[[ Supplied material, beginning ]]

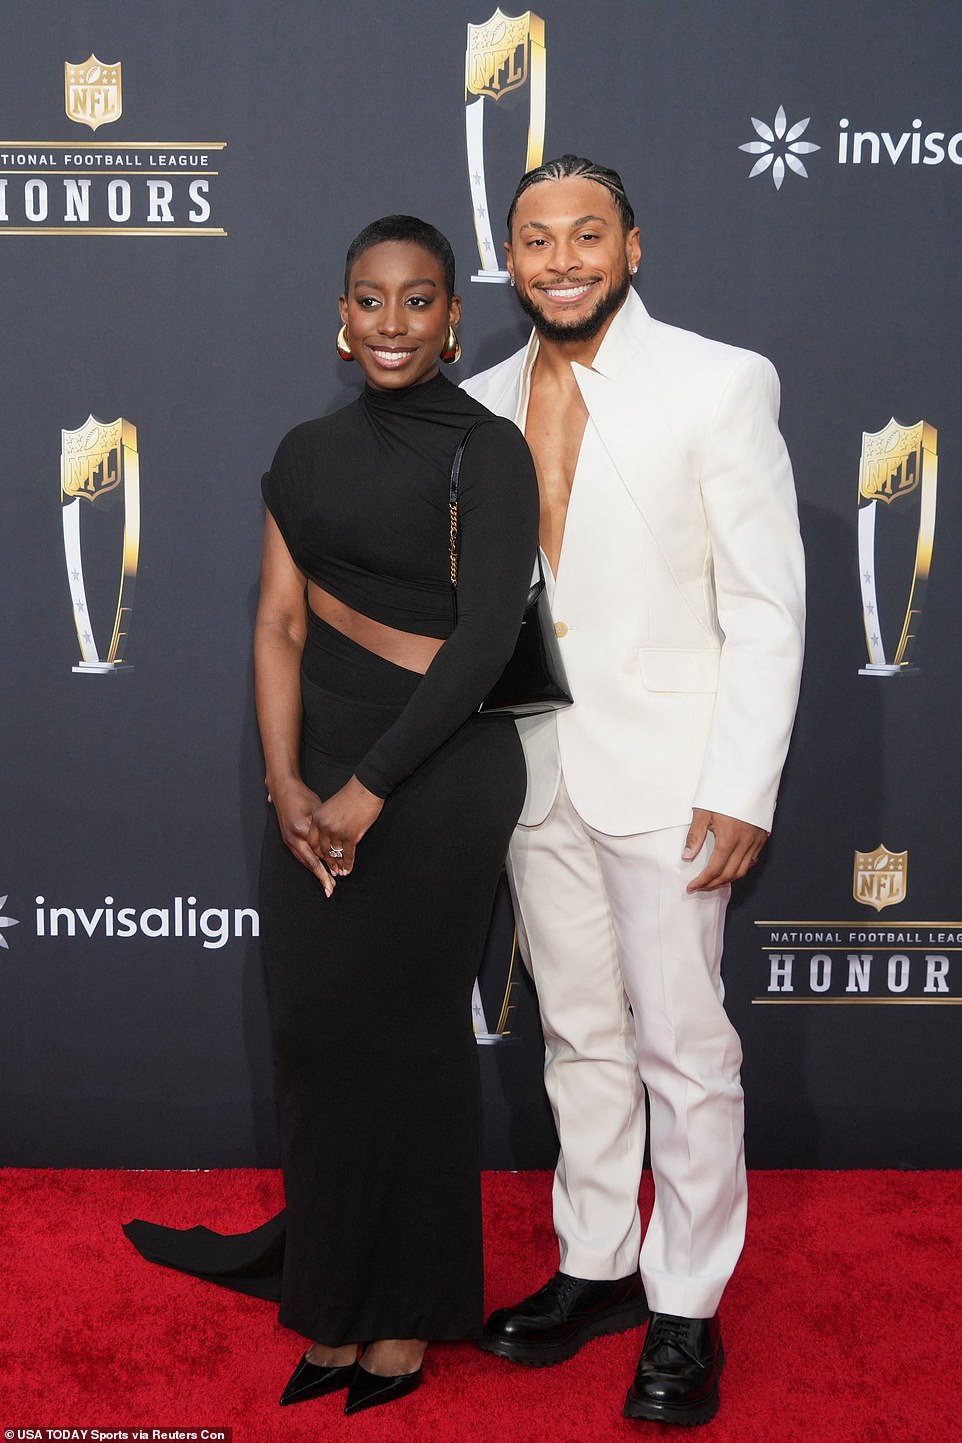 Antoine Winfield Jr. and Tessa Mpagi on the red carpet in style
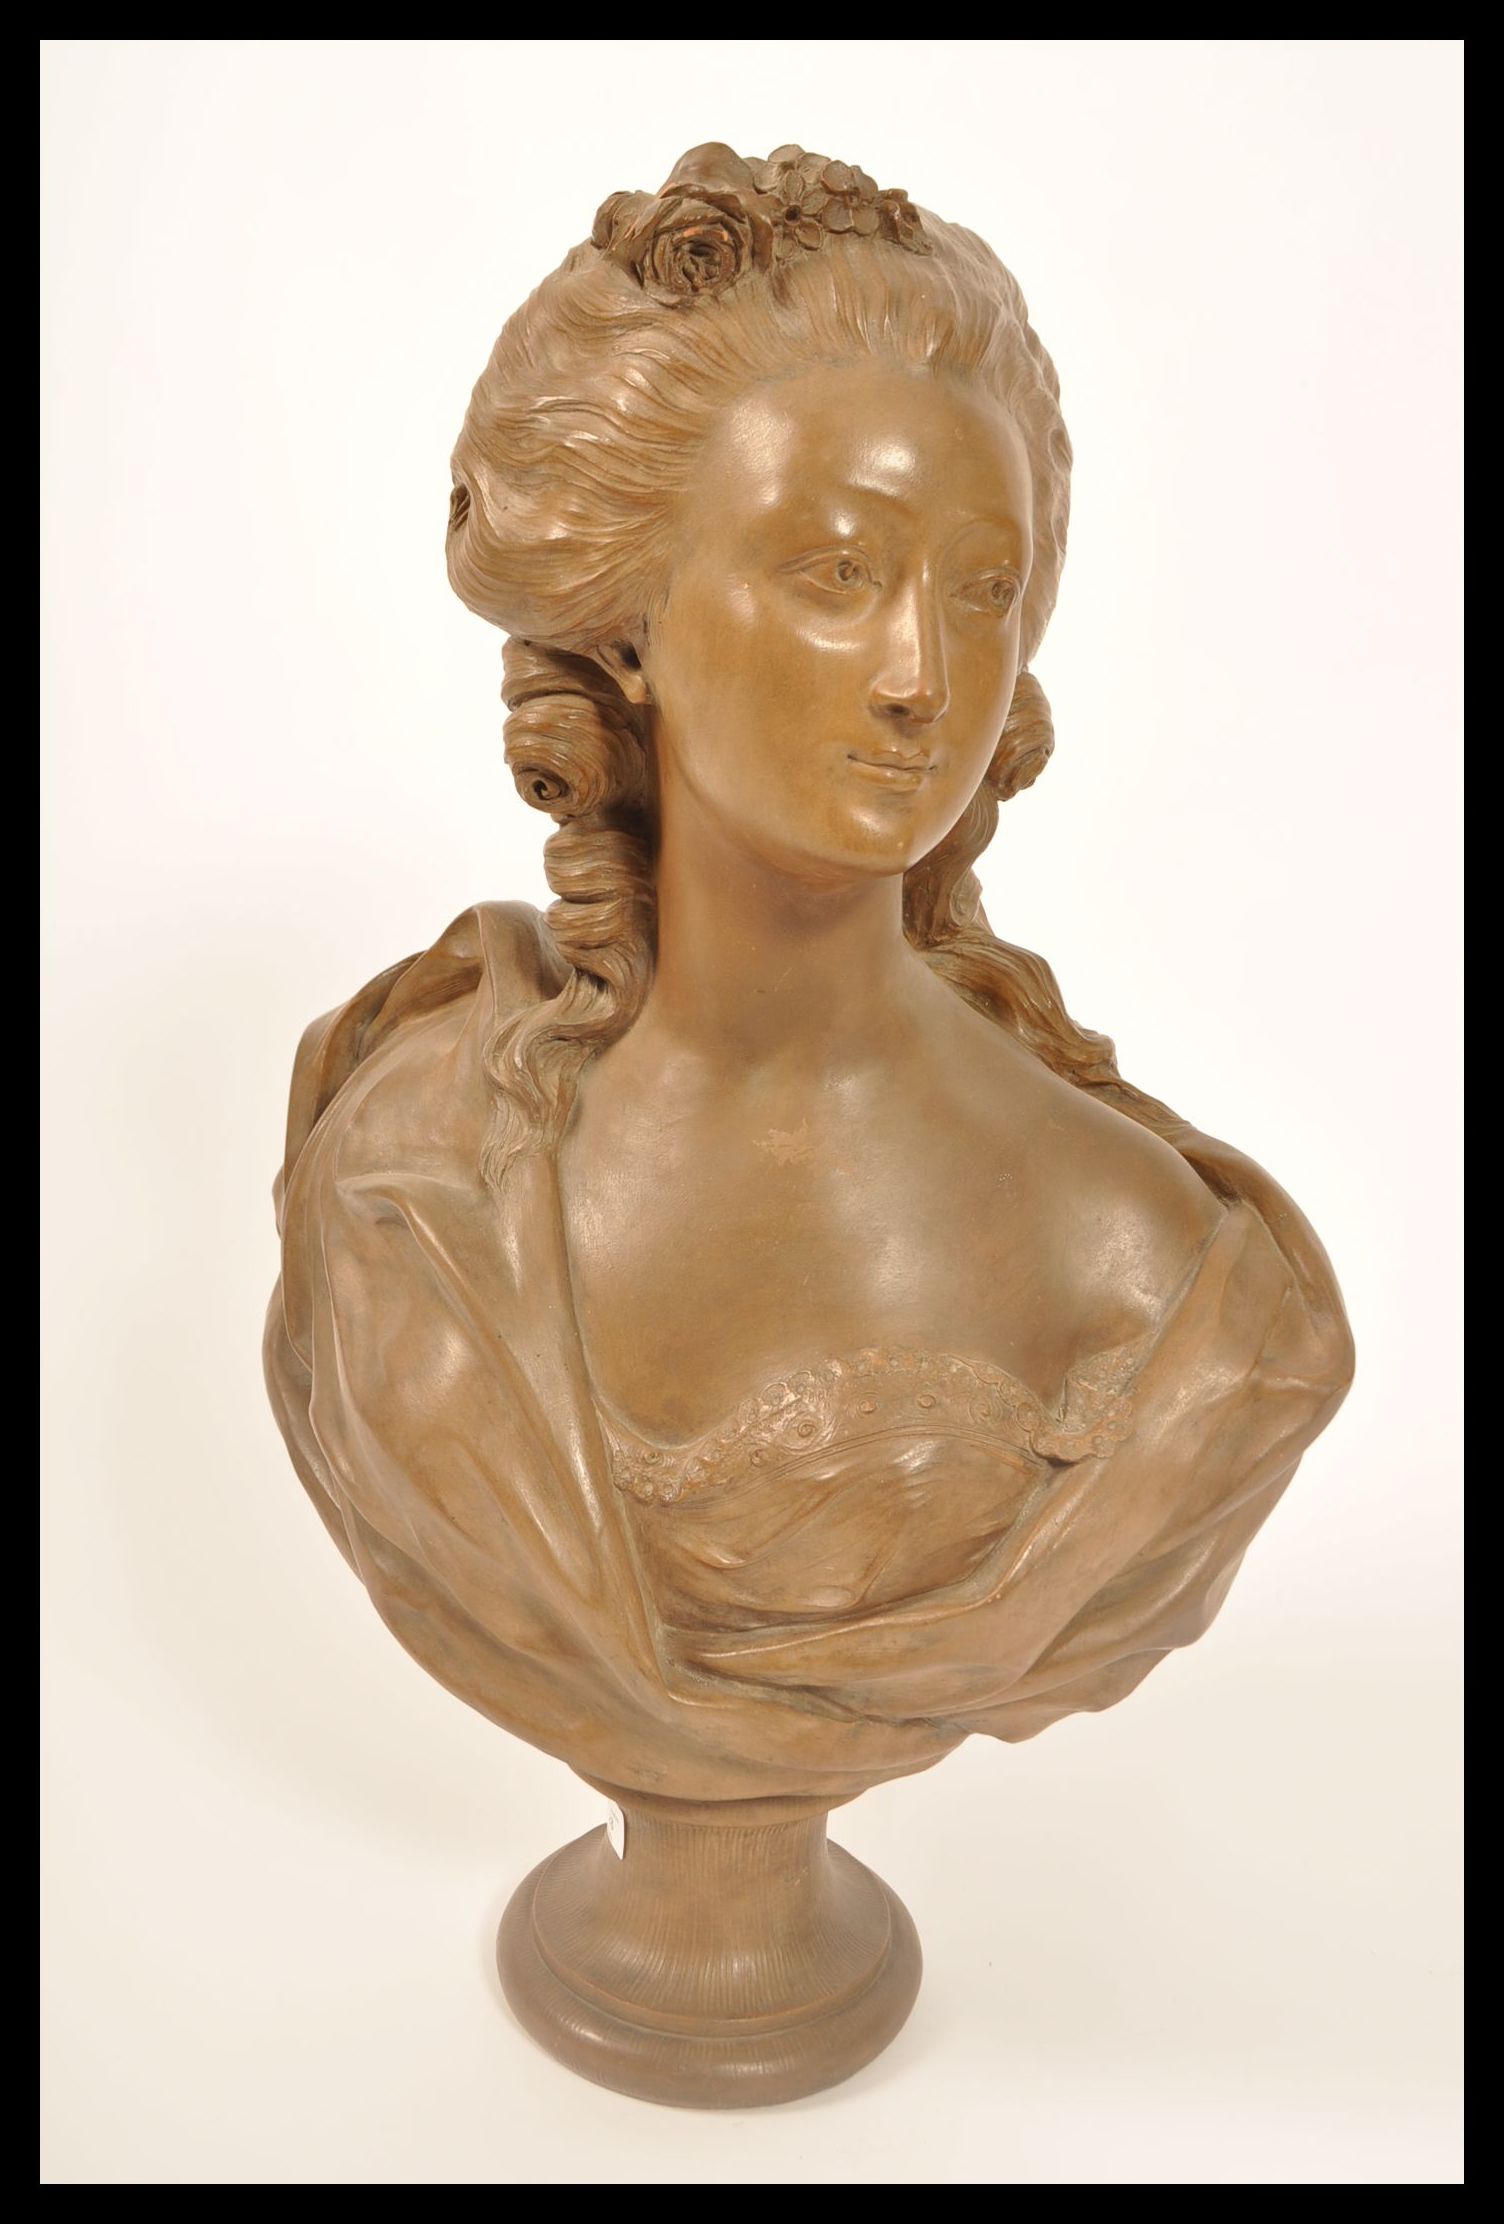 19TH CENTURY LARGE TERRACOTTA BUST AFTER AUGUSTIN PAJOU - Image 3 of 8
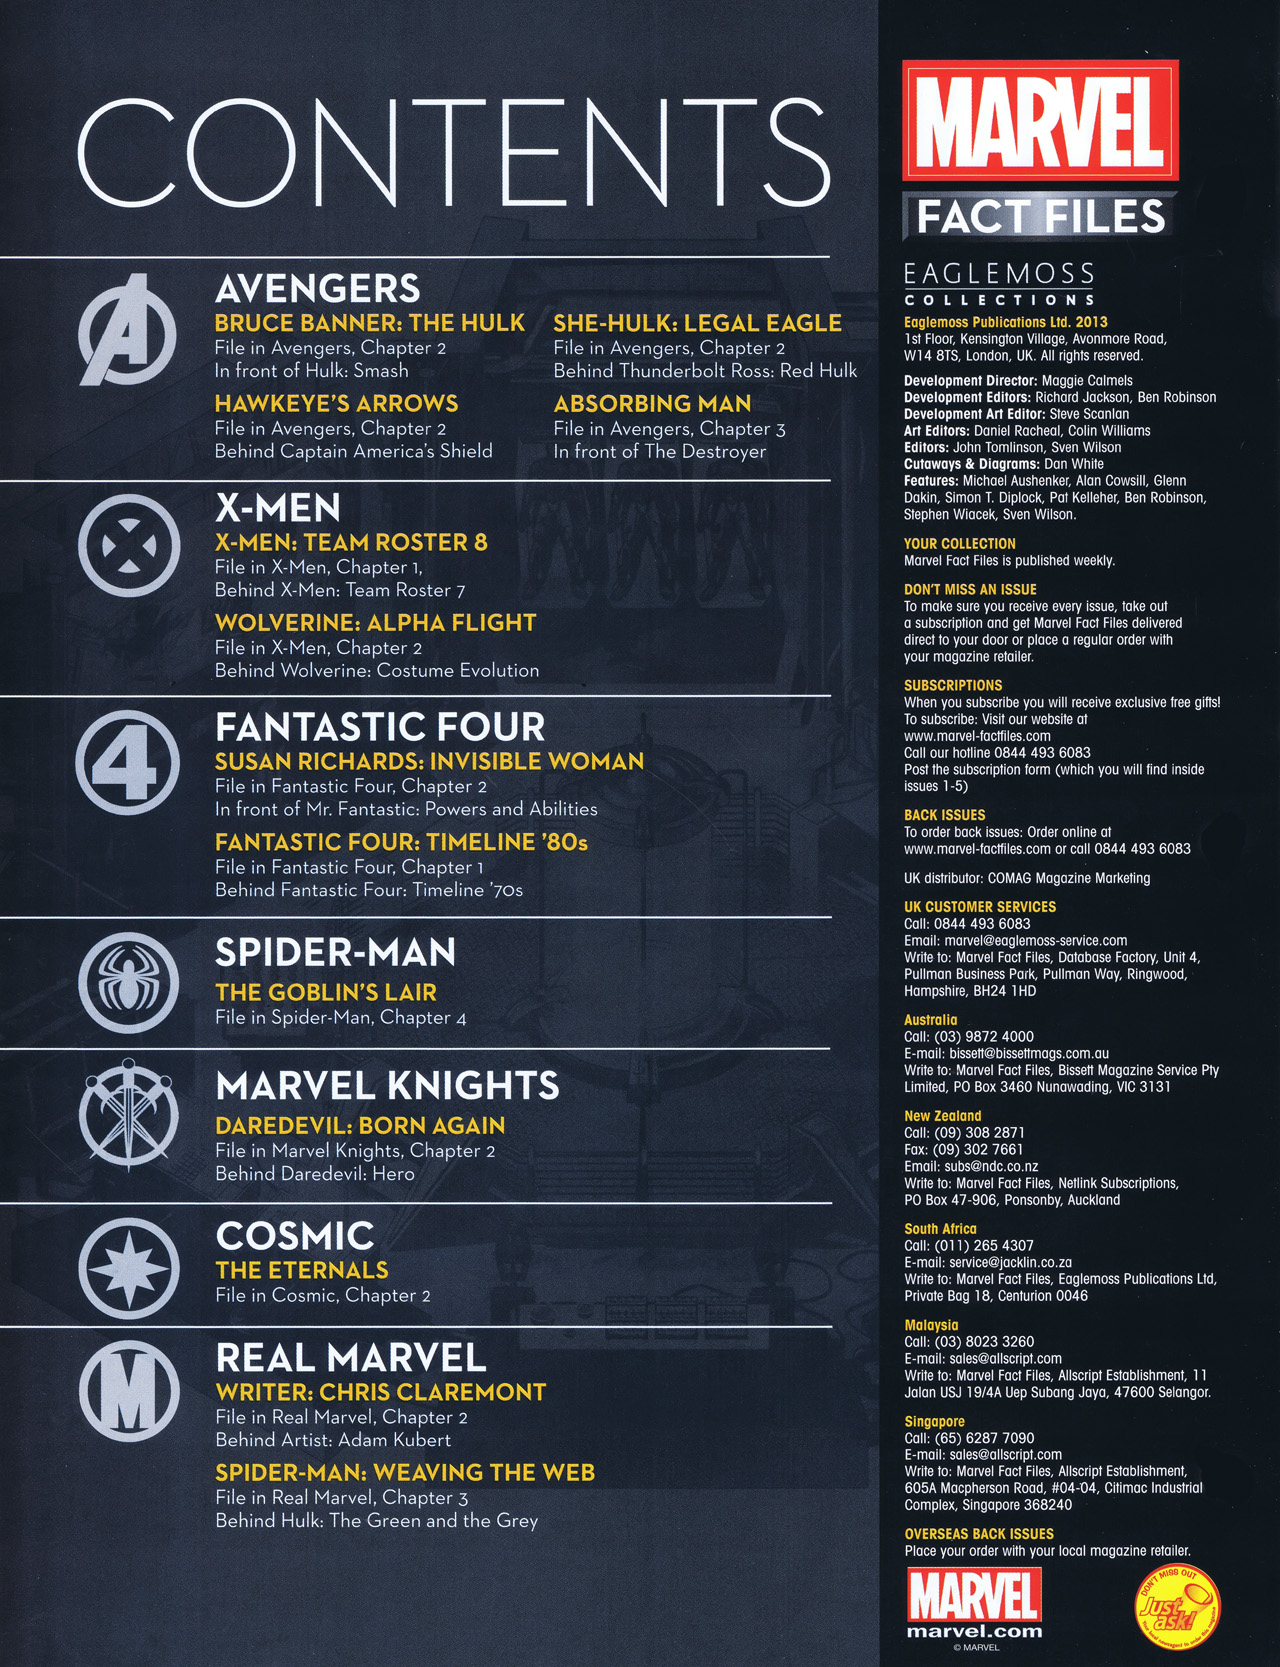 Read online Marvel Fact Files comic -  Issue #8 - 2

[[ Supplied material, end ]]

• **What this task involves**: Would you repeat the listing word for word and skip every picture?

• **Task output**:
 Antoine Winfield Jr. and Tessa Mpagi on the red carpet in style
 19TH CENTURY LARGE TERRACOTTA BUST AFTER AUGUSTIN PAJOU - Image 3 of 8
 Read online Marvel Fact Files comic -  Issue #8 - 2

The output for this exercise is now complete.